─── Supplied data ───
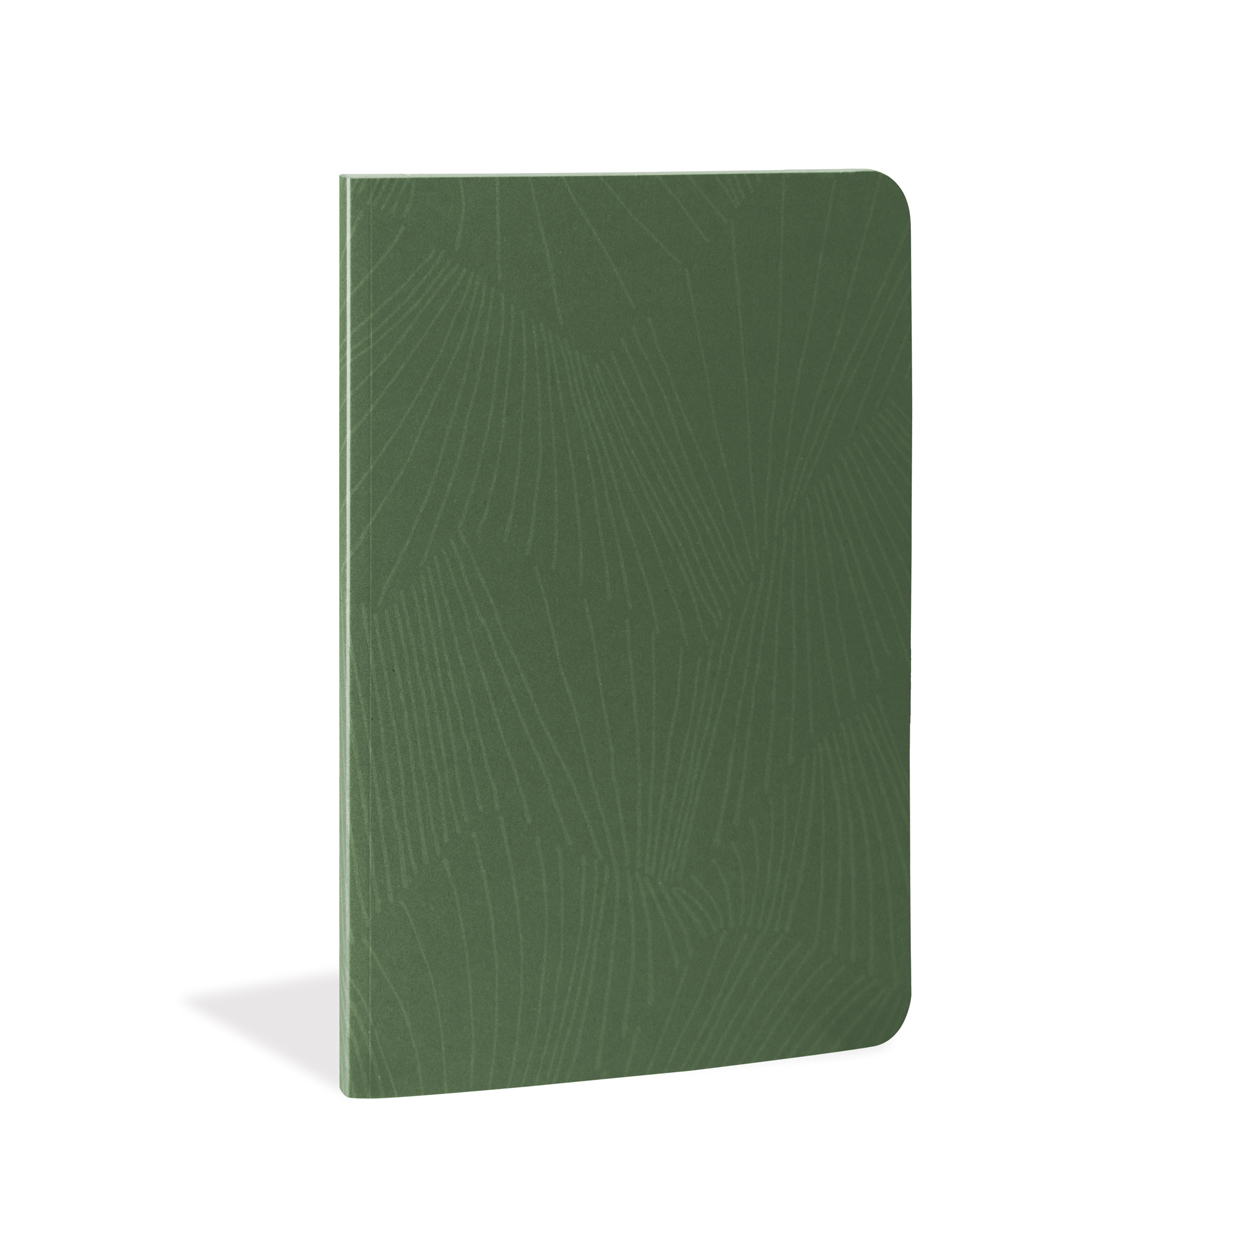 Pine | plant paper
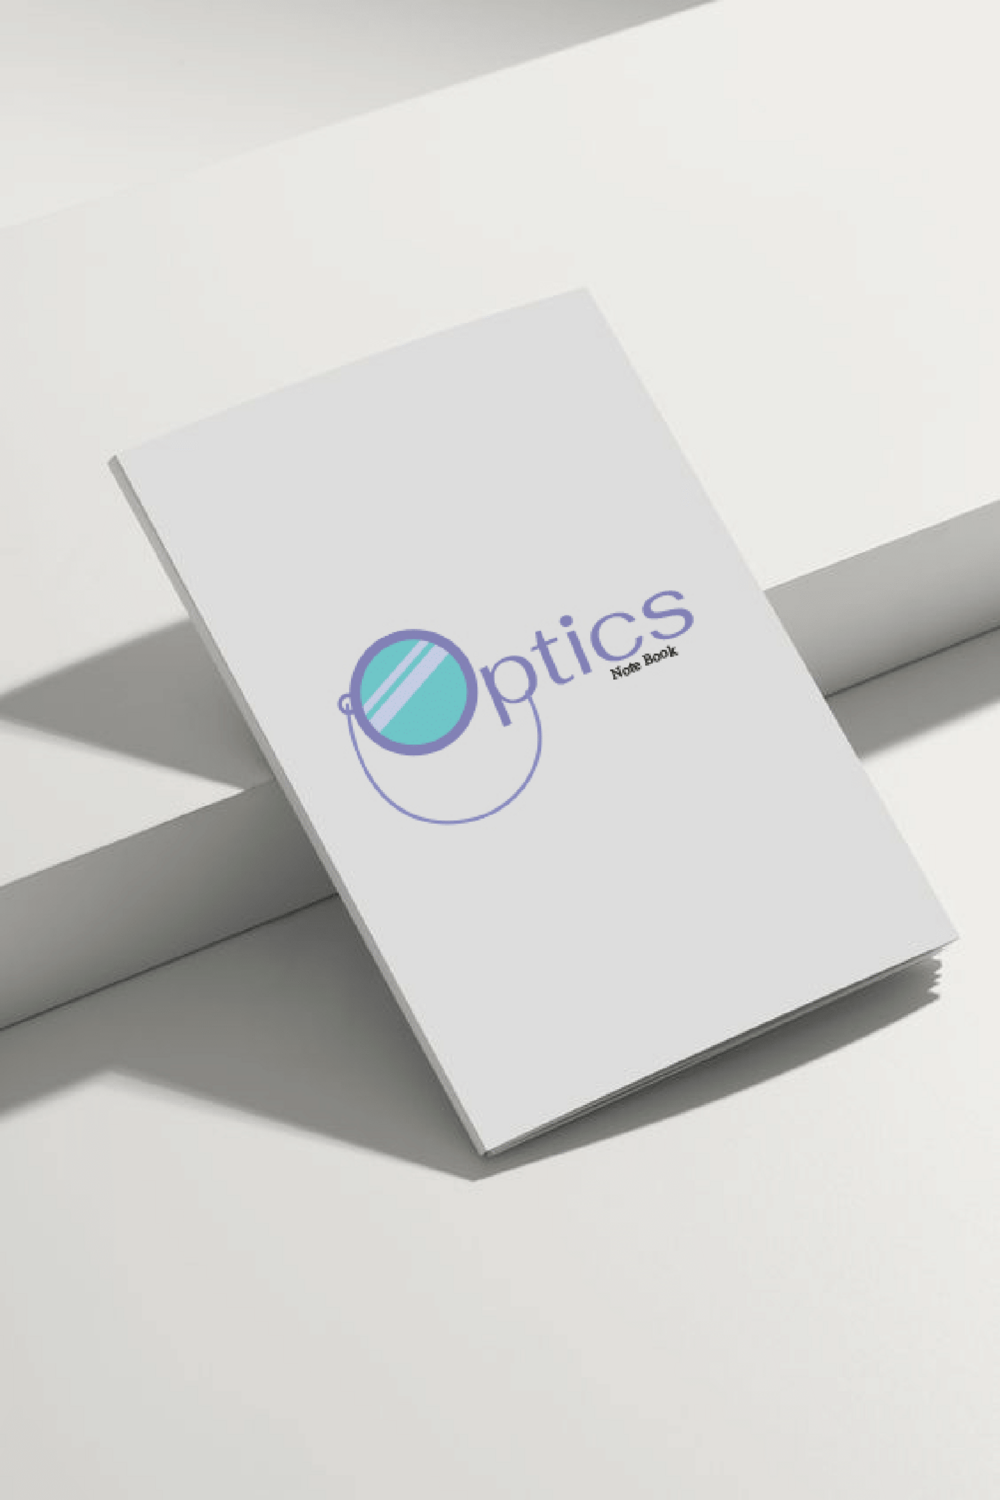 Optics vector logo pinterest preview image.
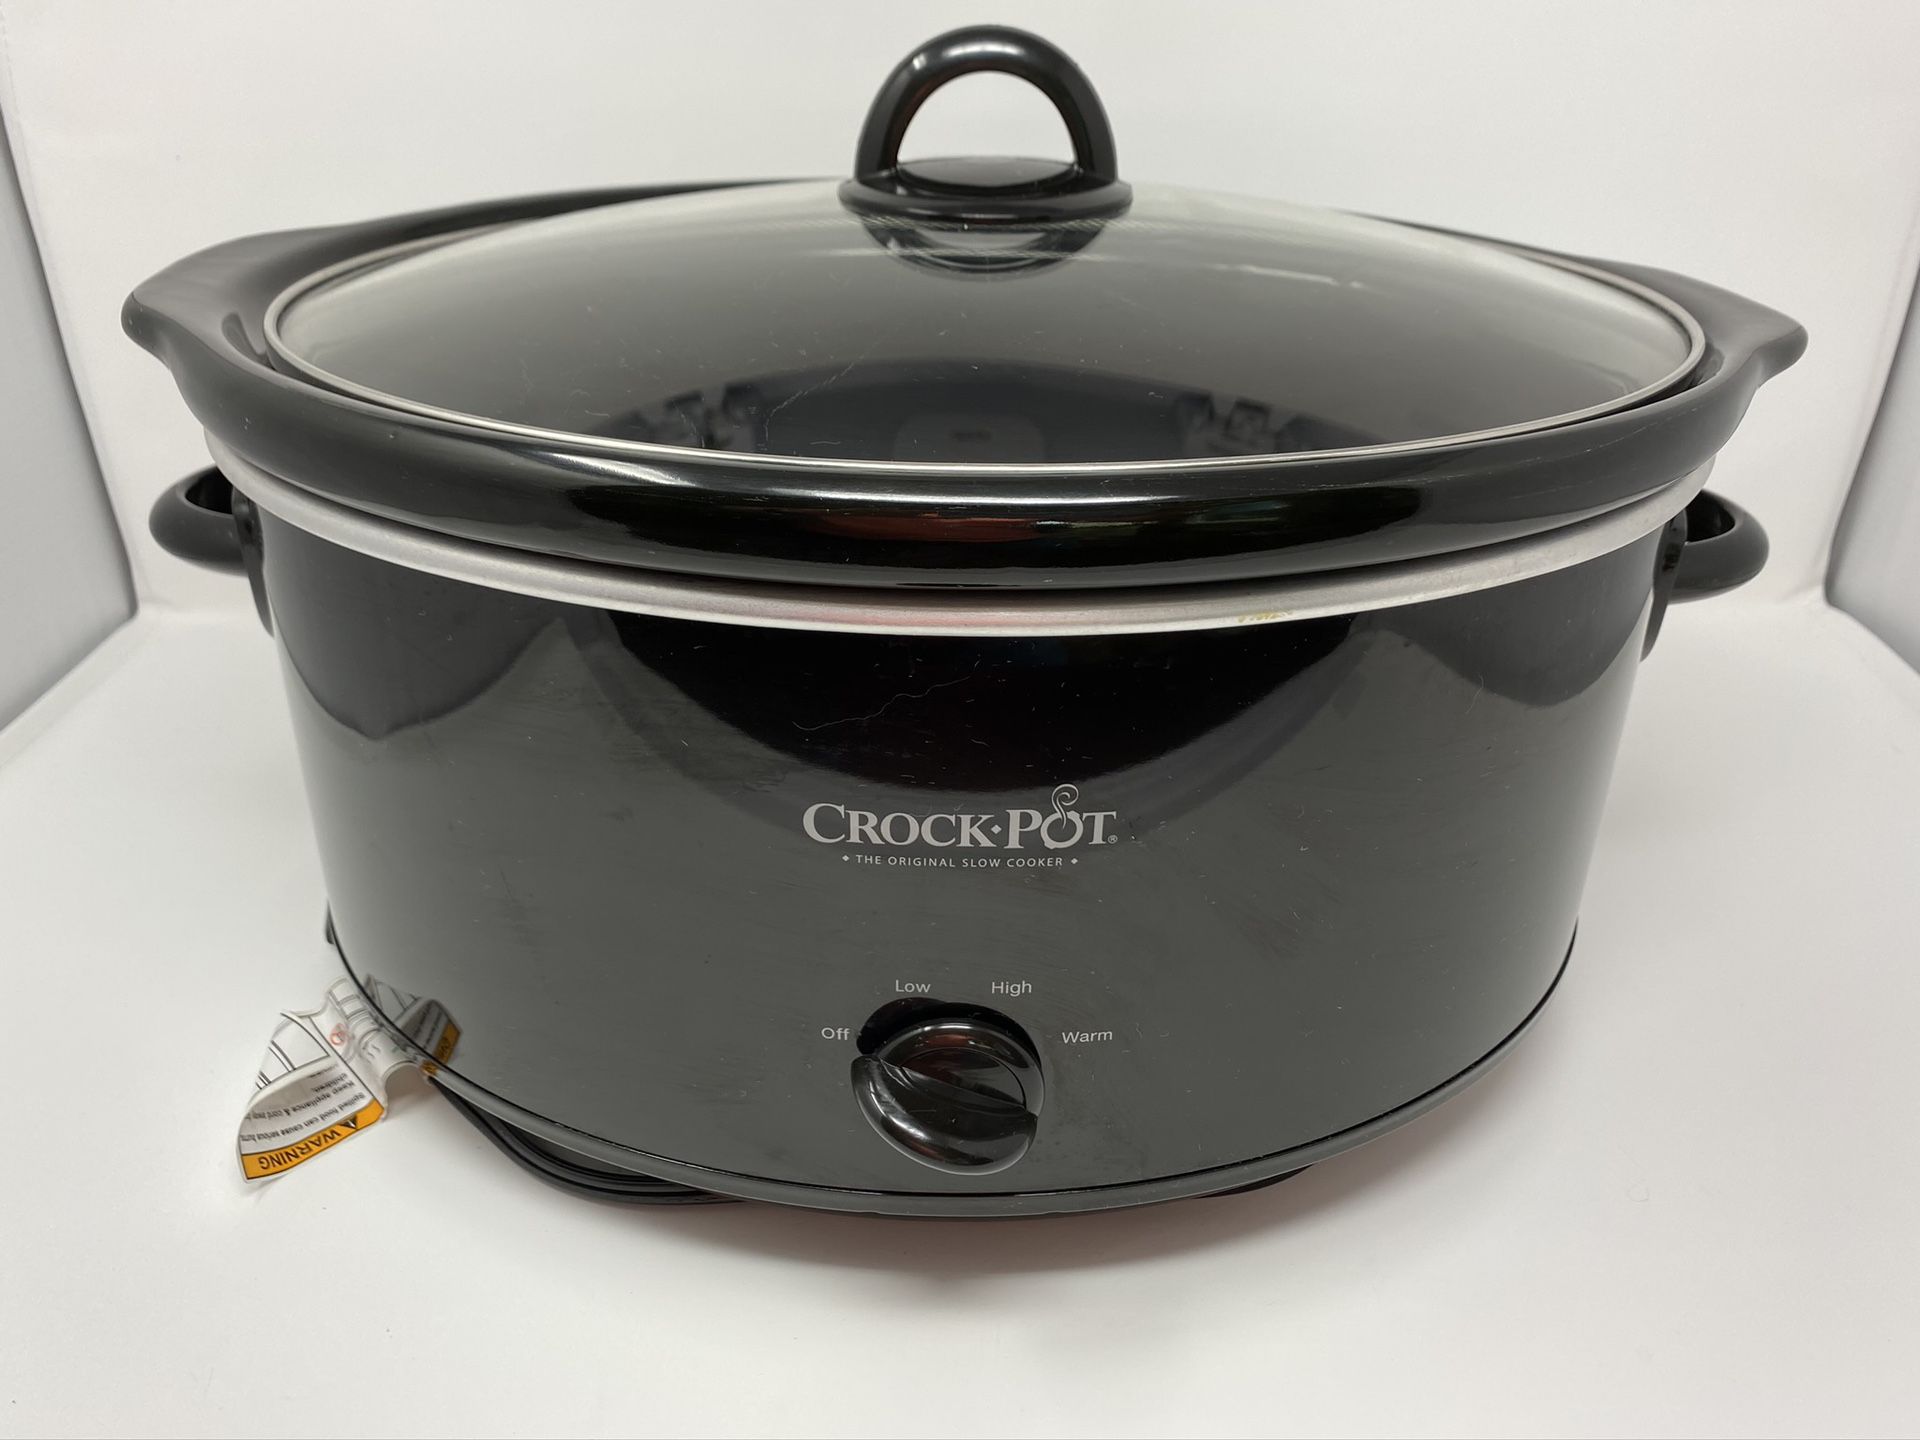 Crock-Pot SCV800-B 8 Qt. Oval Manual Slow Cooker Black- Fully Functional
───
What is needed:
Output all of the data exactly as it stands, minus any images.

Answer section:
 Pine | plant paper
 Optics vector logo pinterest preview image.
 Crock-Pot SCV800-B 8 Qt. Oval Manual Slow Cooker Black- Fully Functional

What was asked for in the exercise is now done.